Despite the recent development in the targeted DDSs with a controlled-release profile, some limitations such as the premature and low release of chemotherapeutics agents to the target cancer cells may limit the in vivo impacts of these modalities. As a result, several advanced smart DDSs have been developed to provide a stimulus-triggered on/off drug release in response to various extra/intra stimulus in an on-demand manner. Of various polymers used for the development of such smart DDSs, chitosan and its derivatives possess unique characteristics. As a natural polymer, it can be functionalized with targeting and imaging agents, becoming a multifunctional DDS. Such capacity is due to the presence of functional groups in the polymeric matrix of chitosan, which makes it as a promising candidate for the formulation of smart nanocarriers. Compared with various synthetic polymers that impose cytotoxicity and even genotoxicity,[64-73] chitosan and its derivatives offer great biocompatibility with excellent biodegradability. It is a mucoadhesive polymer, and hence, can be developed as a suitable DDS for the topical uses in the mucosal cancers.[74-76] Smart chitosan-based NSs are envisioned to be translated into the clinical applications for the delivery of drug molecules with an on-demand release of cargo drugs into the target site. Once modified with homing and imaging agents such as quantum dots,[77] the CS-based multimodal stimuli-responsive NSs can be used as a theranostics. The CS-based targeting NSs can be designed in a way to get benefits from both passive and active targeting mechanisms and to respond simultaneously to the endogenous and exogenous stimuli.

Competing interests

As the contributing authors to this study, JB, and YO act as the Editors of the journal. It is hereby declared that their associations with the journal have neither influenced the review process nor affected the acceptance of the study.

Ethical approval

Not applicable.

Acknowledgment

Authors would like to acknowledge the Iranian National Science Foundation (INSF) for the financial support (Grant No: 93030668), the Research Center for Pharmaceutical Nanotechnology at Tabriz University of Medical Sciences and the Department of Chemical and Petroleum Engineering at the University of Tabriz.

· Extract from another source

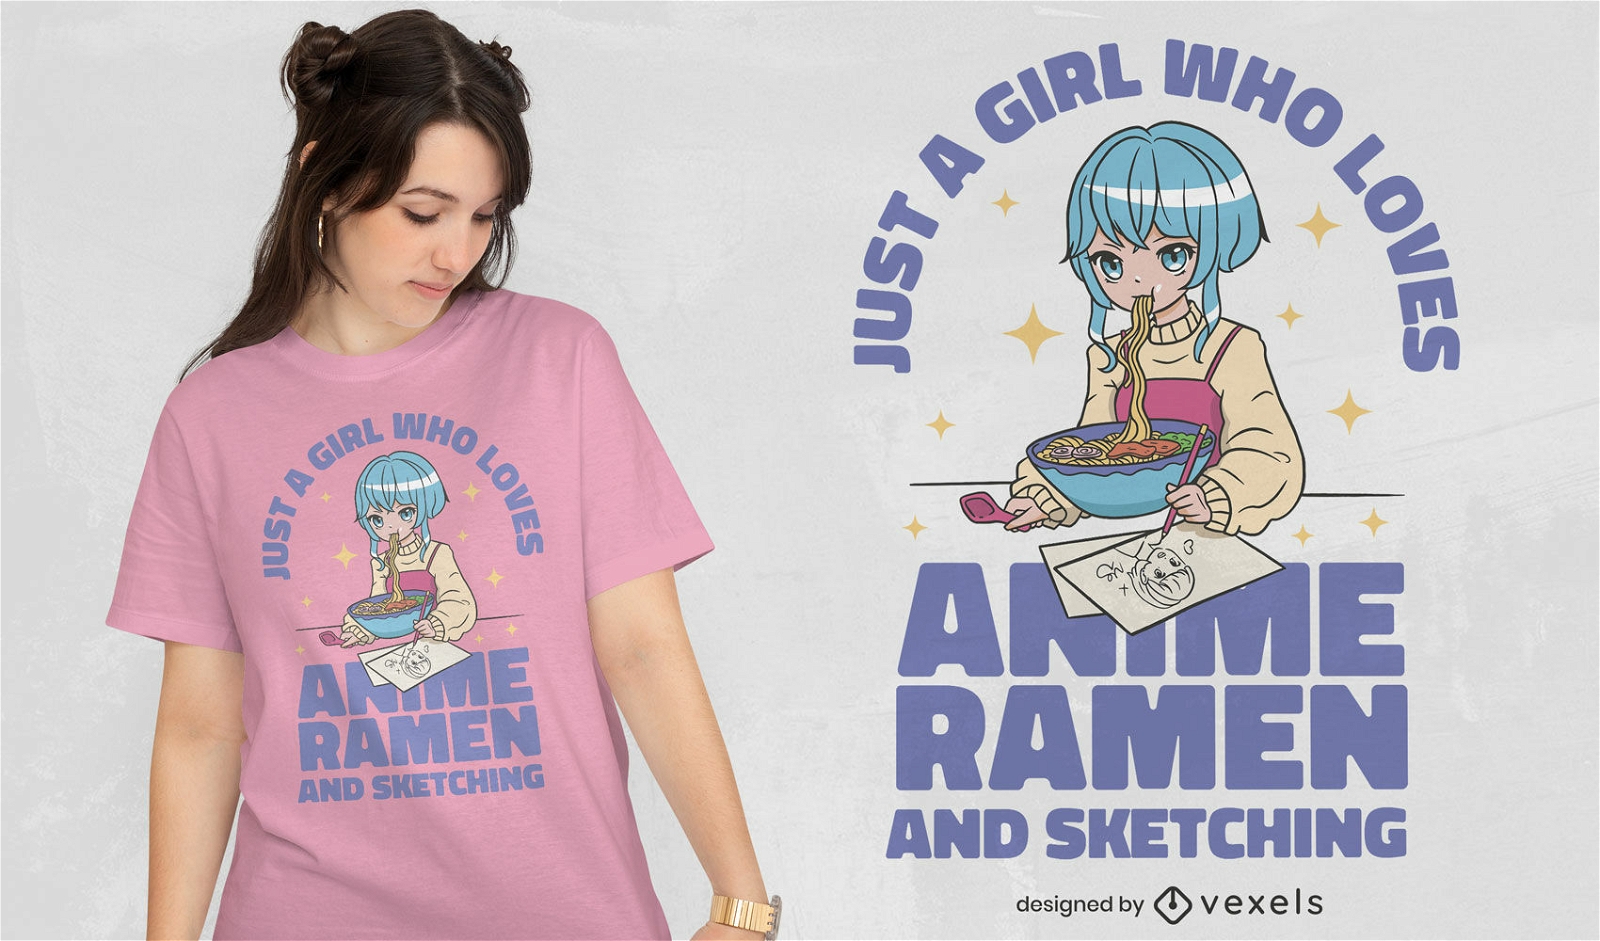 Girl who loves anime quote t-shirt design

√ Stimuli responsive nanocarriers as advanced drug delivery system (DDS) are able to release the entrapped drugs efficiently in response to specific stimuli (e.g., pH, enzymes, temperature, light, ultrasound, magnetic field, etc.).

√ As a natural polymer, chitosan is highly biocompatible and biodegradable.

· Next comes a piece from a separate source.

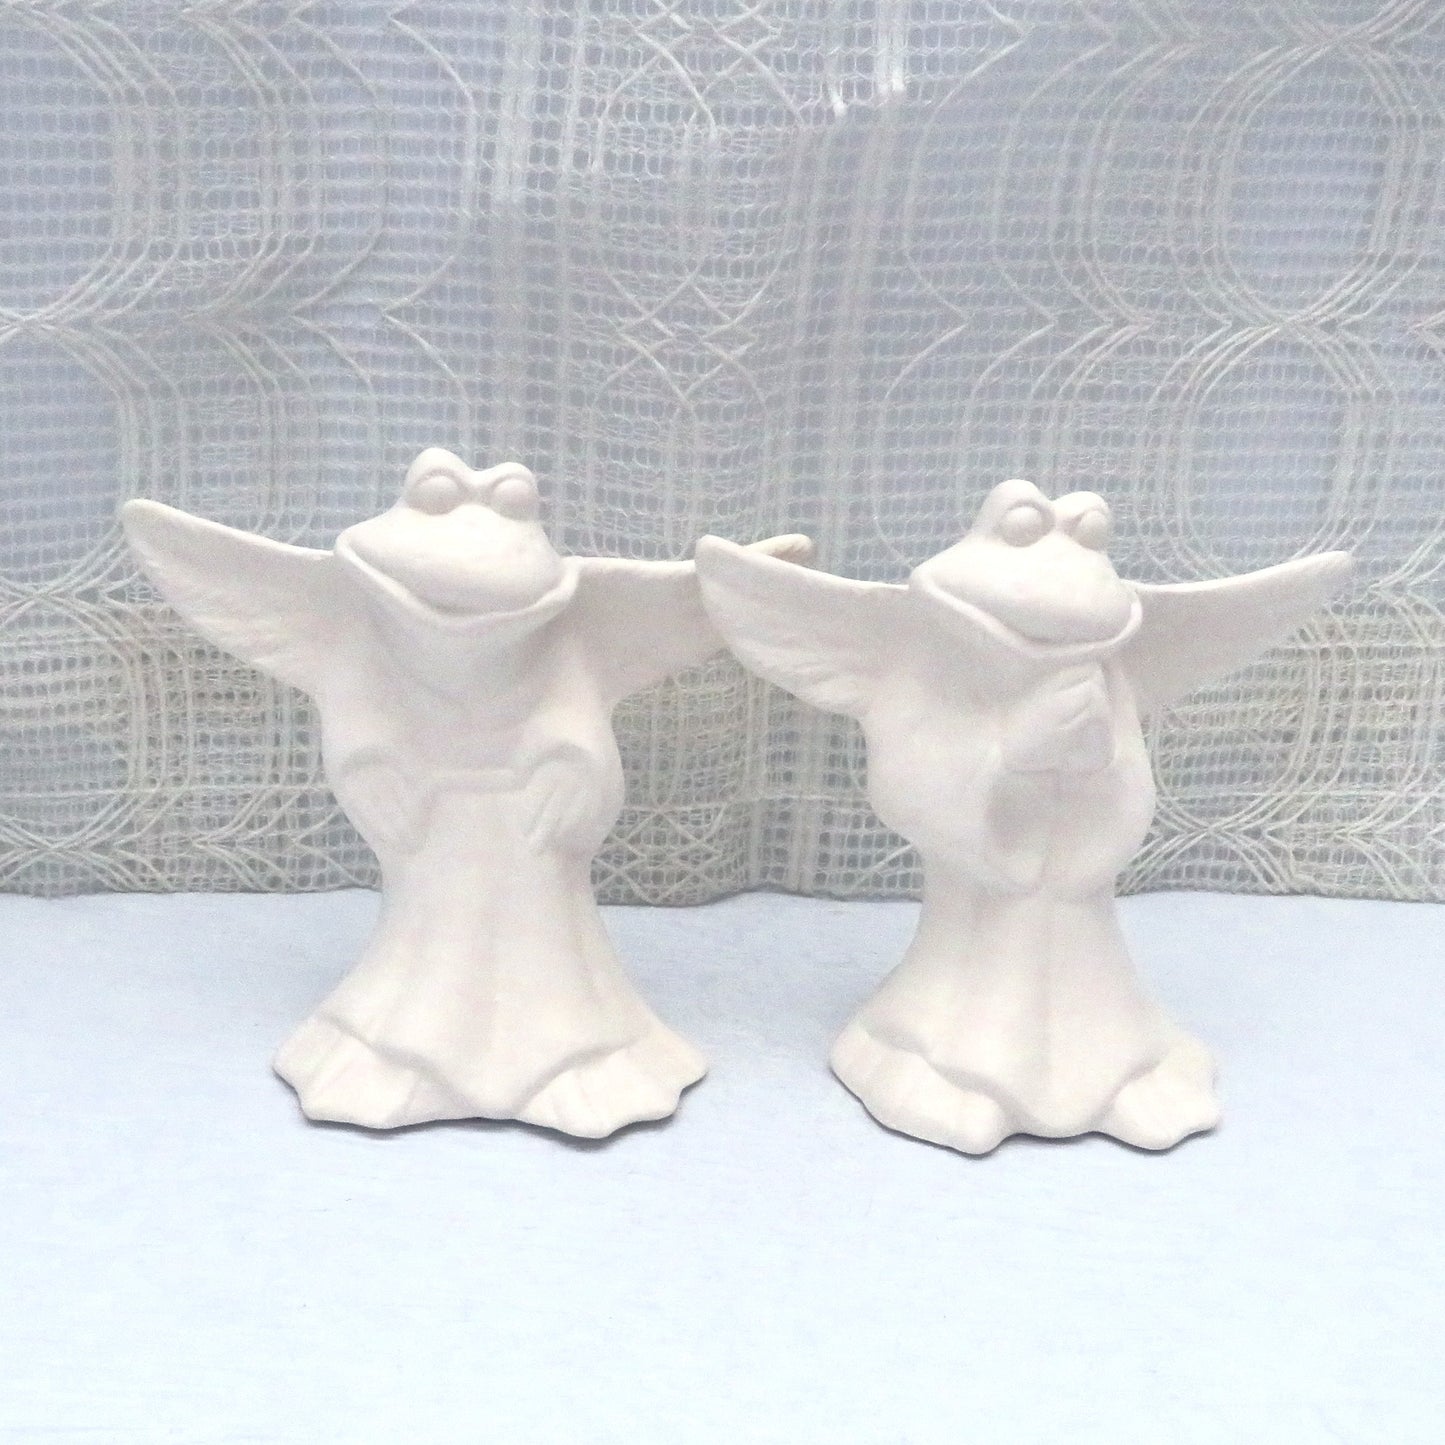 2 ready to paint ceramic frog angels standing on a pale blue table with an ecru lacy curtain behind them.  One has its hands at his sides.  The other has its hands in the prayer position.  The wings are outstretched.

√ Chitosan can be modified with different agents becoming a smart multifunctional DDS.

√ Dual stimuli-responsive DDSs consisting of two stimuli provide an improved drug delivery platform for an enhanced cancer therapy.

√ Chitosan-based multimodal stimuli-responsive nanoplatforms can be used as a theranostic for simultaneous imaging and therapy of cancer.

√ Chitosan-based stimuli-responsive nanoplatforms can be designed to benefit from both passive and active targeting mechanisms.

√ Chitosan-based multimodal stimuli-responsive nanoplatforms can be used as an alternative to the conventional chemotherapies.